Well, the airline would save millions of dollars that way, and the decisions couldn't yield much poorer results than we've seen over the past several years...
I just get tired of the groupthink. Any large company needs good executives and few industries are as inherently volatile as the aviation industry. It's not like the shareholders didn't think of executive pay.
That is a ridiculous and counterproductive statement. Not to mention hyperbolic to the point of idiocy. The point here is that there are lots of people who can make decisions, and they don't need to be paid twenty times what their underlings make.
It is absolutely absurd for an airline to suggest that the highly skilled workers who take direct responsibility for hundreds (or thousands, in some cases) of lives every day should take a pay cut when the people who have been making these magical decisions to this point, that is, a point at which they realize that they don't have any money, shouldn't.
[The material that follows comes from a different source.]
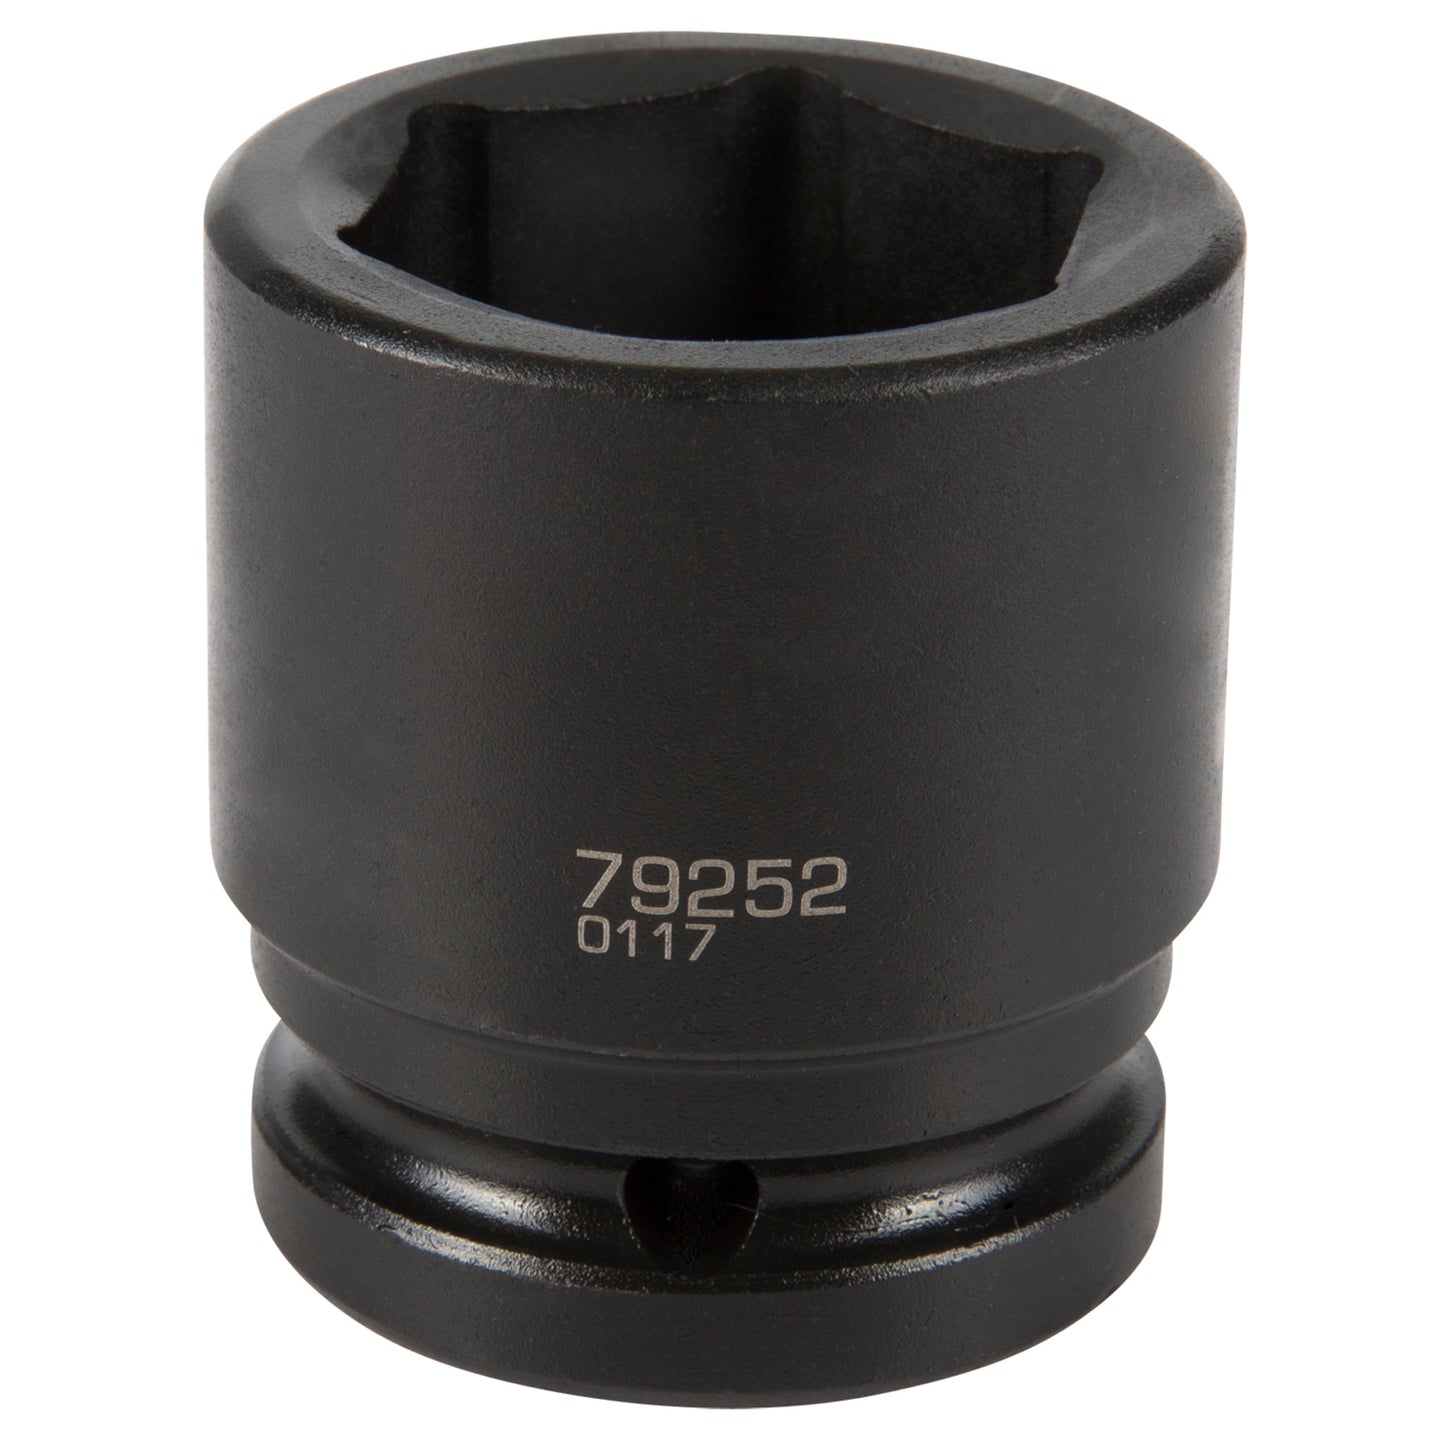 3/4-Inch Drive 6-Point 32mm Impact Socket

It is absolutely absurd for an airline to suggest that the highly skilled workers who take direct responsibility for hundreds (or thousands, in some cases) of lives every day should take a pay cut when the people who have been making these magical decisions to this point, that is, a point at which they realize that they don't have any money, shouldn't.
United had $38 billion in revenue in 2011. Perhaps instead of posting a platitude-soaked emotional backlash, you can come up with what YOU would do with every last one of those dollars.